We found the indications for serum folate testing in inpatients and emergency department patients to be different than prior studies. The majority of tests were done to evaluate anemia without macrocytosis (43.2%) or anemia with macrocytosis (13.2%). Lower percentages were done for the evaluation of delirium (12.0%) or dementia (3.2%). In addition, there were multiple indications that have not been noted in previous studies, including depression, peripheral neuropathy, malnutrition, pancytopenia, and others. These accounted for 28.0% of all indications. The reason for the difference in indications compared to prior studies is unknown but may be related to our cohort of exclusively inpatients and emergency department patients. Also, we observed a high concurrence of serum folate and vitamin B12 testing, with 85.2% of serum folate levels ordered at the same time as vitamin B12 levels. It appears that the tests are often ordered together even when the indication suggests that vitamin B12 alone may be more appropriate, such as peripheral neuropathy.

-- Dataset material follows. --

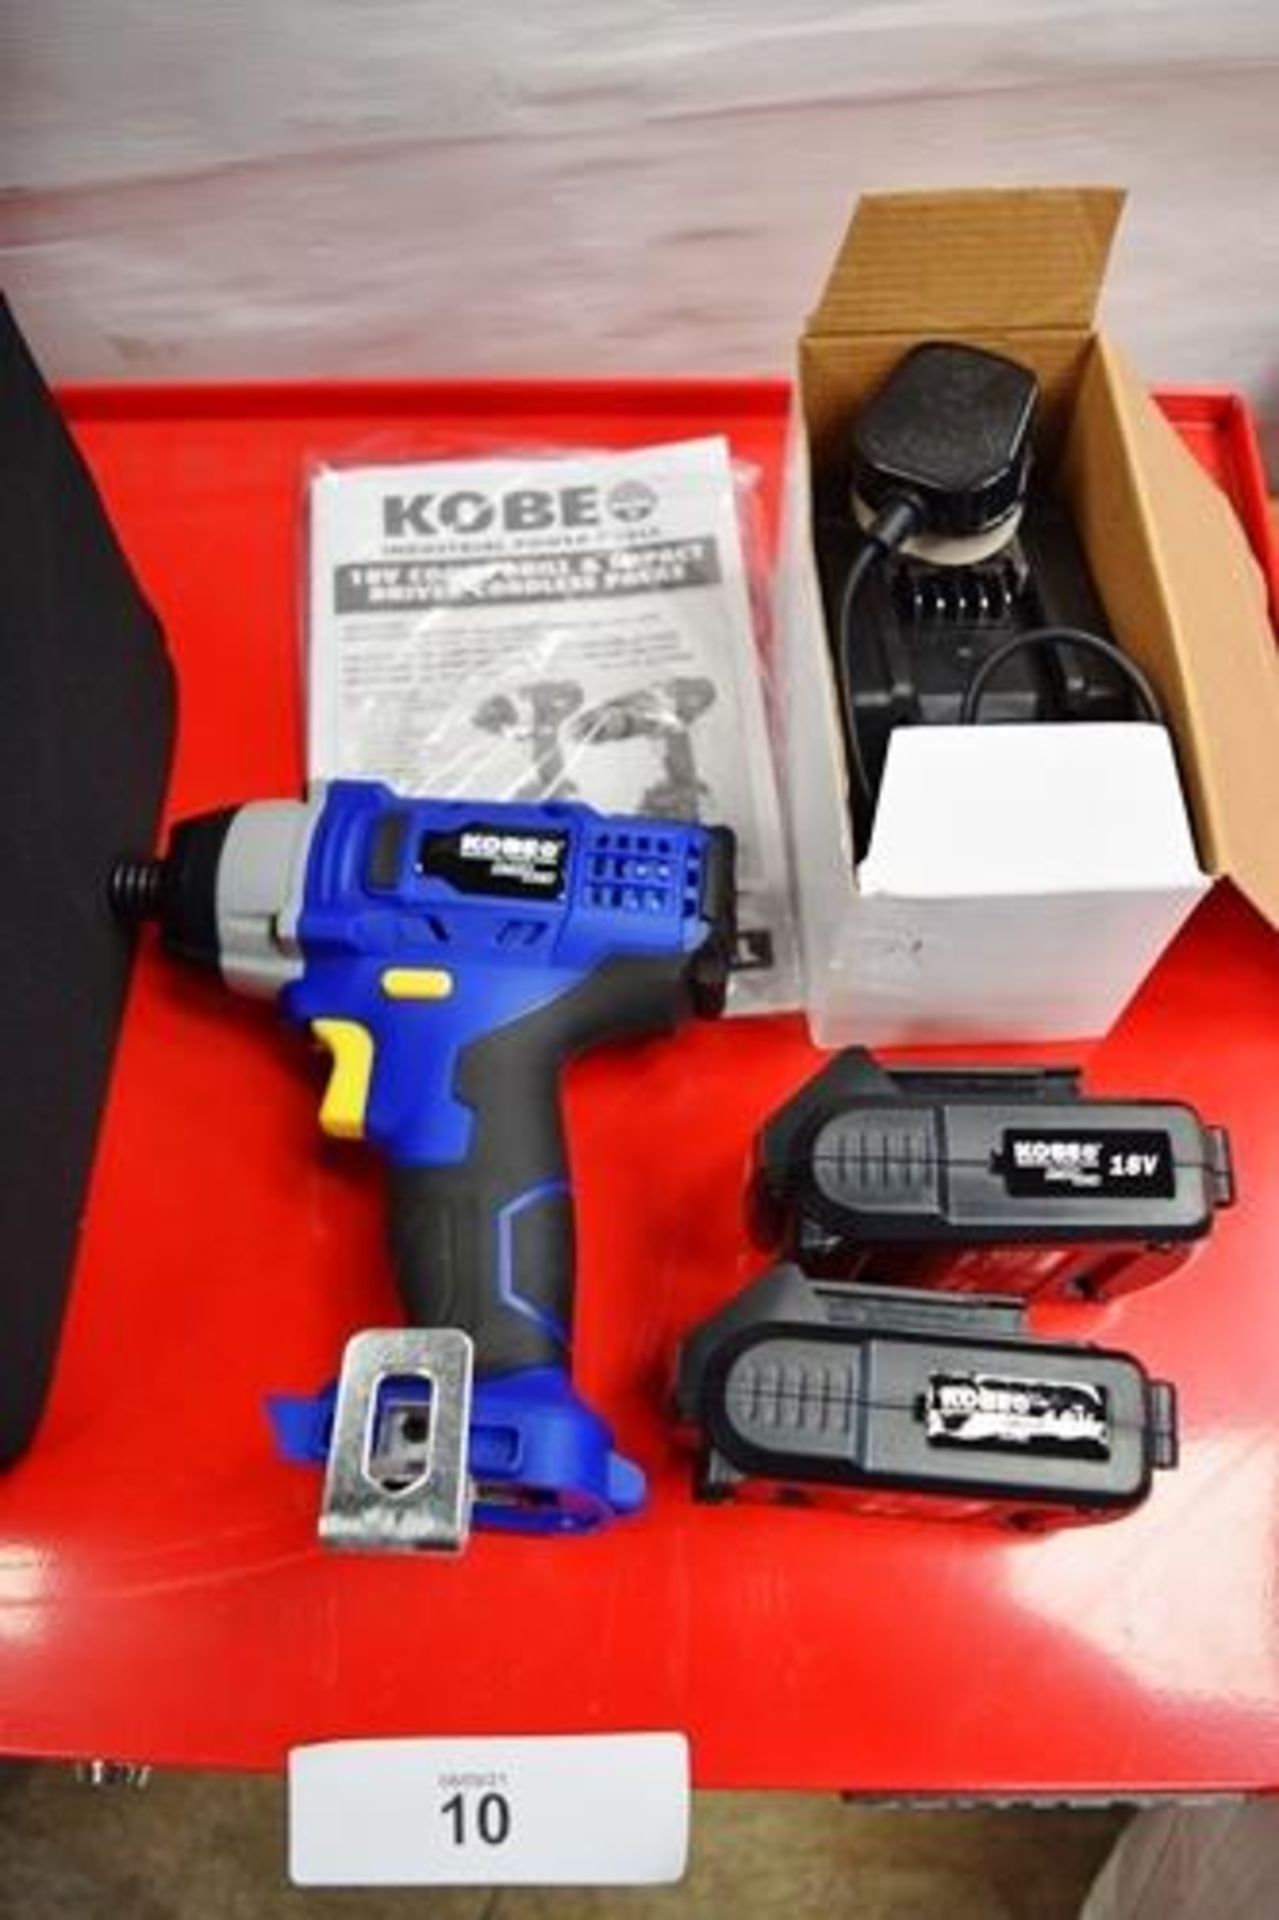 3 x Kobe 18V combi drill impact driver drills each with 4 x 18V batteries, 2 x chargers and 2 x - Image 3 of 3

We found that serum folate deficiency was rare, occurring in only 2 of 2093 results. Furthermore, the deficient serum folate results may have been checked for inappropriate indications. The first deficient result was noted as part of a stroke workup in a patient not taking folic acid supplementation. Current guidelines do not recommend serum folate testing in patients with new stroke.[33] In the second deficient case, serum folate testing was performed for evaluation of macrocytic anemia with an MCV of 119 fL. Although reasonable, this was an alcoholic patient presenting with acute gastrointestinal bleeding already on folic acid and multivitamin supplementation and known nonadherence with these supplements. In neither case was there a change in management based on the deficient result.

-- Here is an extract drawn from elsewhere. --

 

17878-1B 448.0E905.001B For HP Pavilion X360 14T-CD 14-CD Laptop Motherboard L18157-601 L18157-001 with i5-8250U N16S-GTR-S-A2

Given the low rate of serum folate deficiency and the lack of change in management based on deficient results, we conclude that there is a low utility of serum folate testing for any indication in inpatients and emergency department patients in folic acid‐fortified countries. Based on prior studies, and supported by our results, there is no evidence for checking serum folate levels in delirium, dementia, peripheral neuropathy, malnutrition, or any of the other indications. In addition, our results demonstrate a low utility even in patients with anemia or macrocytic anemia.

The rate of serum folate deficiency in our study was significantly lower than prior studies.[24, 26] There may have been geographical factors that led to a lower prevalence of folate deficiency in our study population. Our cohort included inpatients and emergency department patients, whereas previous studies had a majority of outpatients. It is known that serum folate levels can rapidly fluctuate with proper nutrition.[34] It may be that our patients received nutrition in the hospital that corrected serum folate levels prior to laboratory testing.

In addition to the low utility of serum folate testing, the charge per deficient result in our study ($158,022) was more than 100‐fold higher than that in the Robinson and Mladenovic study ($1321).[24] Even when correcting for variability in hospital charges by using the charge from the latter study, the charge per deficient serum folate test remained 50‐fold higher ($74,772). This implies that the increase in charge per deficient result was driven in part by a decreased rate of deficient tests. Folic acid fortification is likely responsible for some of the decrease. However, we believe another source is the excessive ordering of serum folate tests in patients without previously accepted indications. Because no change in management was made for the deficient patients in our study, the charge per serum folate deficient result that changed management approached infinity. This compares to $9979 in the Robinson and Mladenovic analysis.[24]

The cost to the hospital of a serum folate test was much lower than the charge, and estimated to be <$2093 per deficient result. Because serum folate tests are performed on a highly automated, random access analyzer that performs thousands of other measurements daily, the capital and labor costs for each test was well below $0.50 combined. With the addition of reagent costs, our total cost for each serum folate measurement was <$2.00. It is somewhat difficult to extrapolate these values to other hospitals, as exact costs and charges are variable. Nonetheless, the exceptionally low utility of serum folate testing makes the costs associated with these tests excessive.

Our study has several limitations. We conducted our study at a single institution in a country with mandatory folic acid fortification. Our results may not be generalizable to other institutions or patient populations, such as those in countries without mandatory folic acid fortification. Only 259 (12.4%) charts were reviewed, and indications were determined in 93.6% of charts, which may have caused our frequency to vary from the true frequency. Additionally, the low rate of deficient serum folate results limited our ability to identify associations with deficiency. Further evaluation for geographic variations of serum folate deficiency may reveal variable rates.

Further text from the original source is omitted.